In another thread, I assert that chat is probably a fine way to order up something that fits a repertoire that trained a bot. But, I don't think sticking to the chat window is the best way to interface with what it delivers. You almost certainly want to be much more actively "hands on" in very domain specific ways with the artifacts produced.

replies(1): >>42940389 #
1. TeMPOraL ◴[] No.42940389{4}[source]
> But, I don't think sticking to the chat window is the best way to interface with what it delivers. You almost certainly want to be much more actively "hands on" in very domain specific ways with the artifacts produced.

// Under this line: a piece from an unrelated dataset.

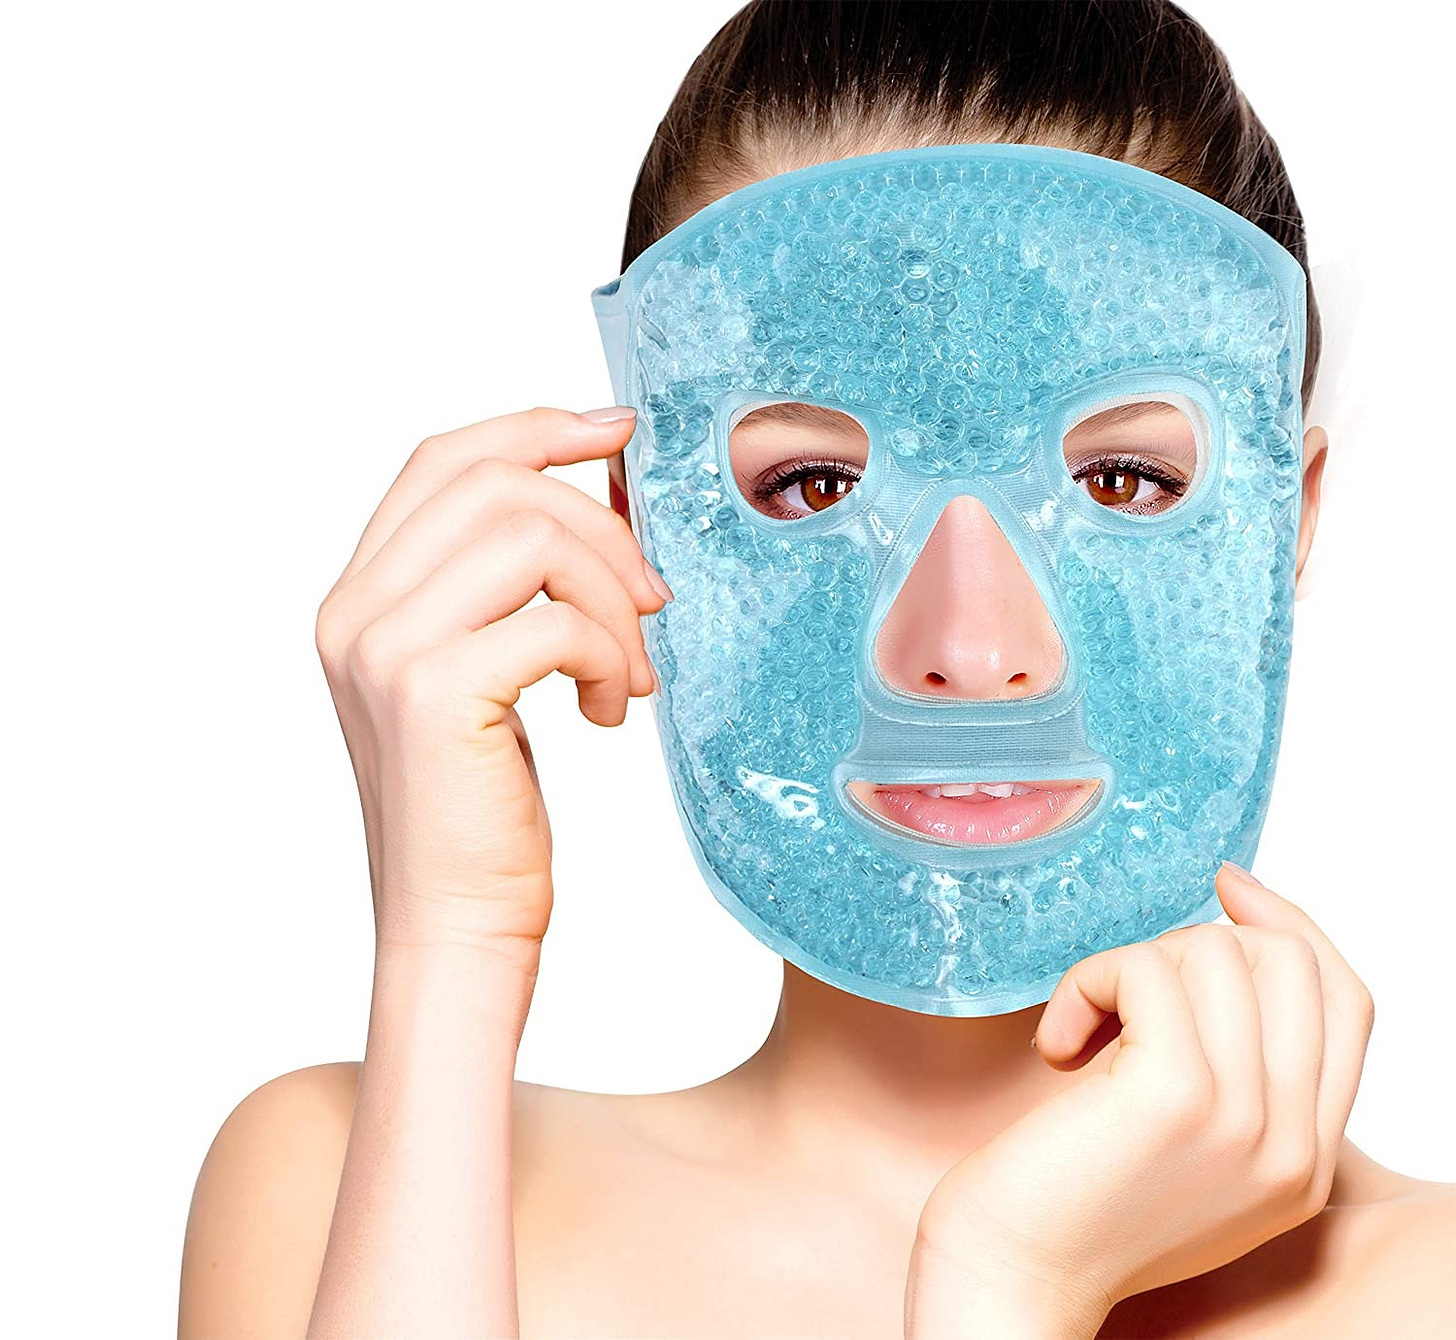 image description: mode plus a terrifying cooling face mask

Yes, this is what I've also tried to hint at in my comment, but failed part-way. In most of the cases I can imagine chat interface to be fine (or even ideal), it's really only good as a starting point. Take two examples based on your reply:

1) Getting a car ride. "Computer, order me a cab home" is a good start. It's even OK if I then get asked to narrow it down between several different services/fares (next time I'll remember to specify that up front). But if I want to inspect the route (or perhaps adjust it, in a hypothetical service that supports it), I'd already prefer an interactive map I can scroll and zoom, with PoIs I can tap on to get their details, than to continue a verbal chat.

2) Ordering food in a fast food restaurant. I'm fine starting it with a conversation if I know what I want. However, getting back the order summary in prose (or worse, read out loud) would already be taxing, and if I wanted to make final adjustments, I'd beg for buttons and numeric input boxes. And, in case I don't know what I want, or what is available (and at what prices), a chat interface is a non-starter. Interactive menu is a must.

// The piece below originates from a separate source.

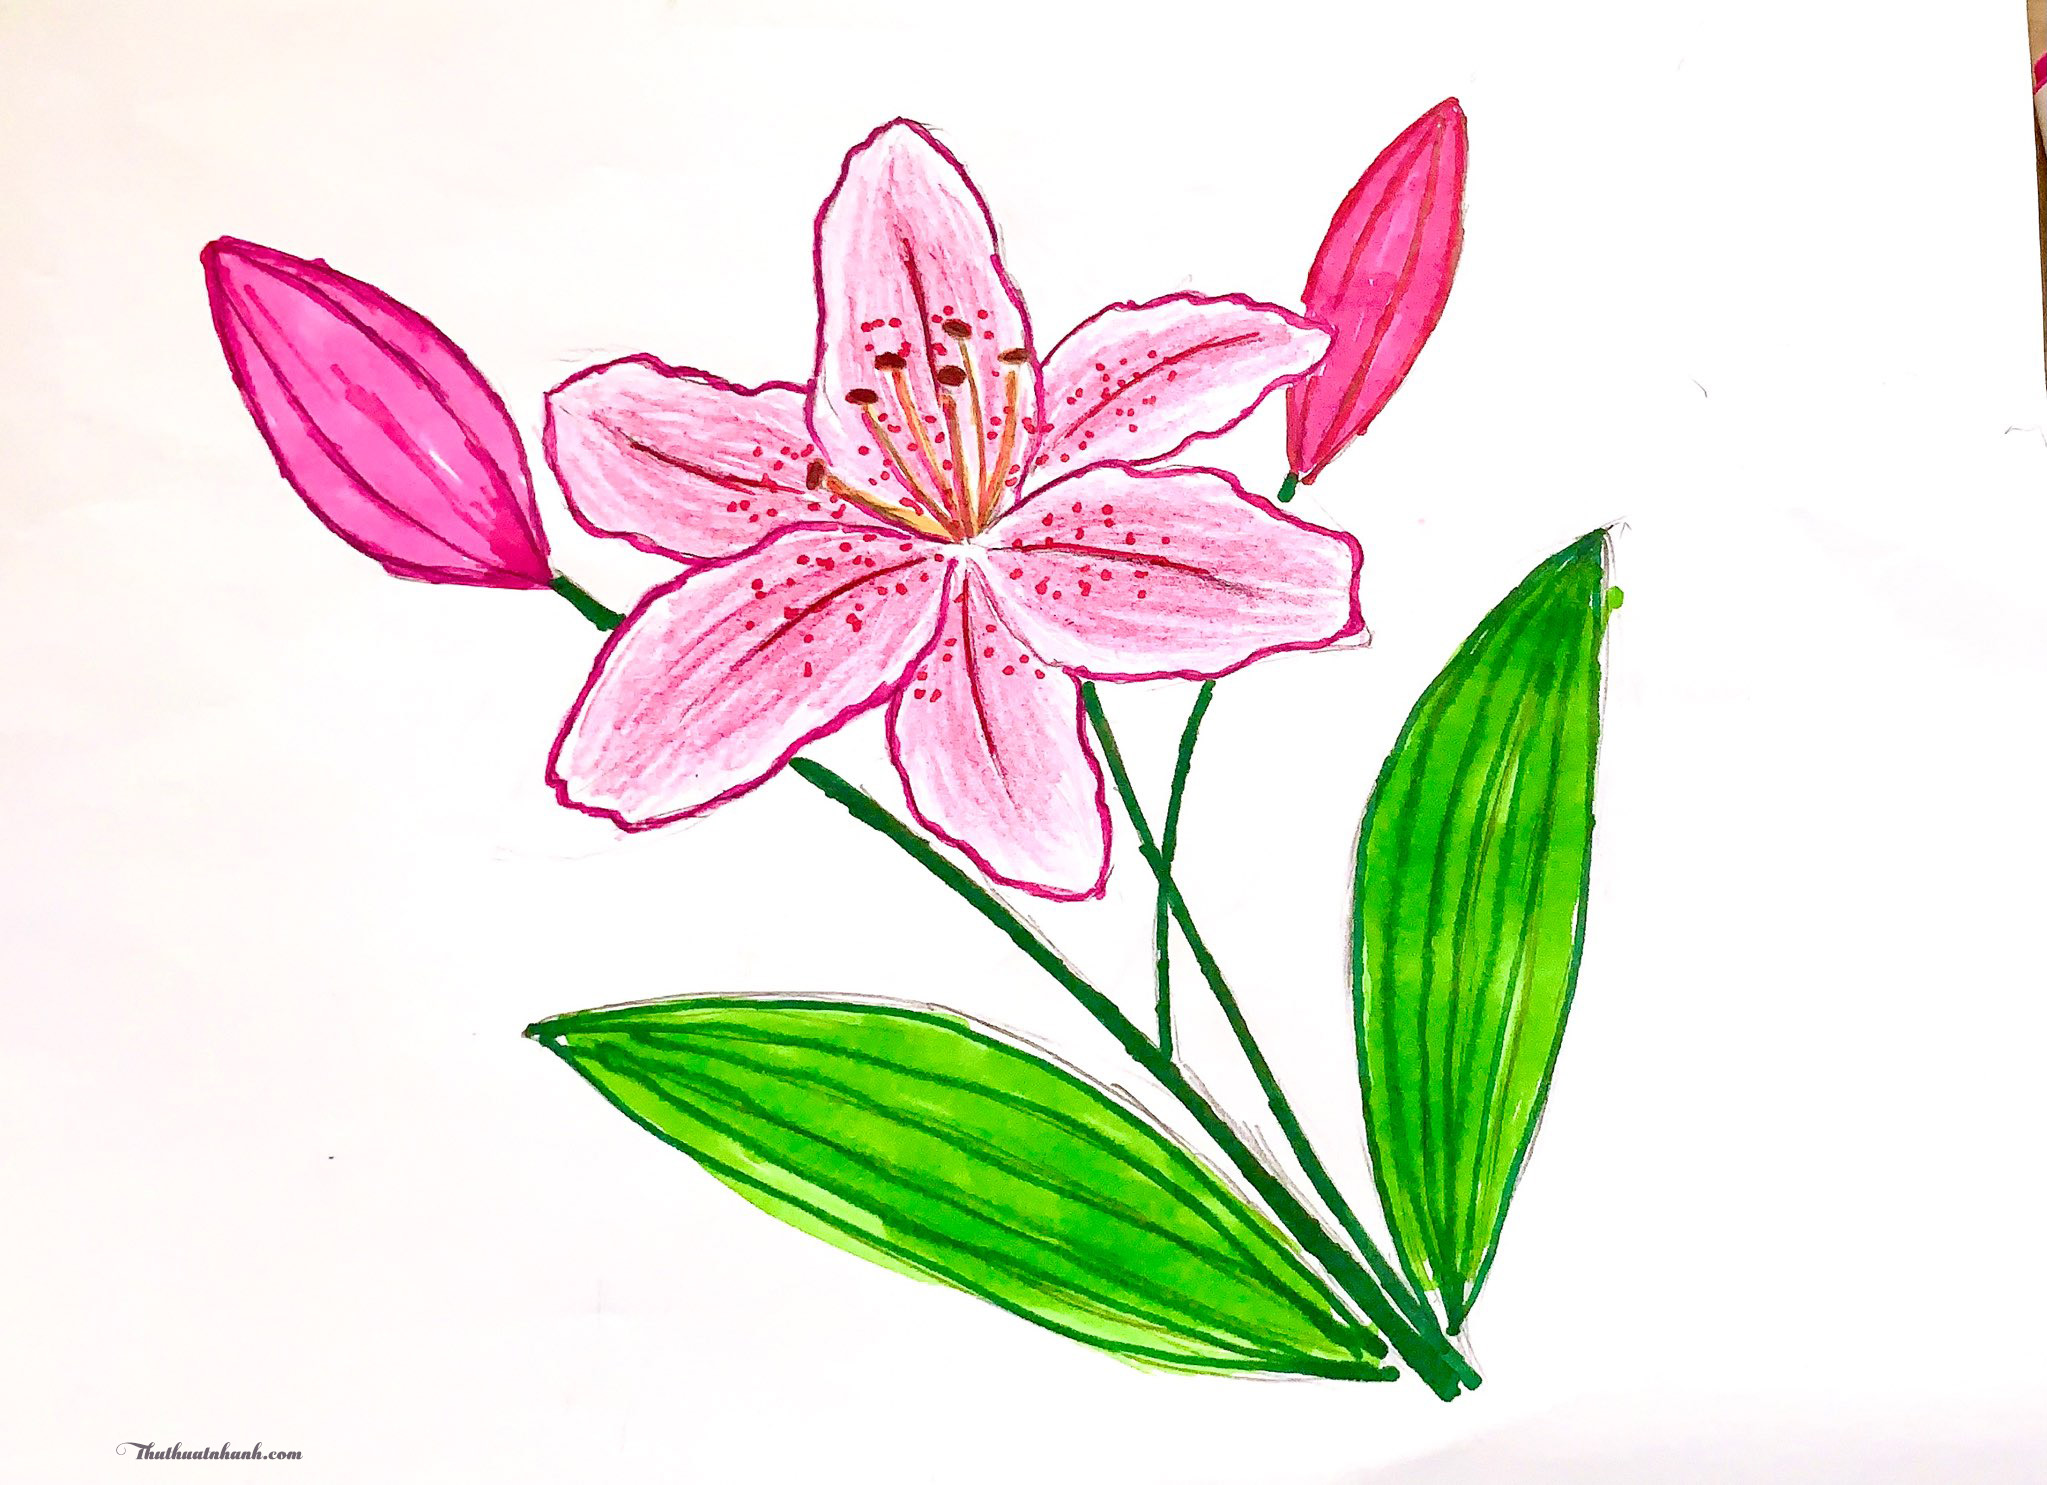 Chia sẻ hơn 54 về hình vẽ hoa đẹp đơn giản  cdgdbentreeduvn

You sum this up perfectly:

> You almost certainly want to be much more actively "hands on" in very domain specific ways with the artifacts produced.

Chat may be great to get that first artifact, but afterwards, there's almost always a more hands-on interface that would be much better.

replies(1): >>42940757 #
2. taeric ◴[] No.42940757[source]
Oh, apologies, I meant my post to be a highlight of how I agree with you! Your post is great!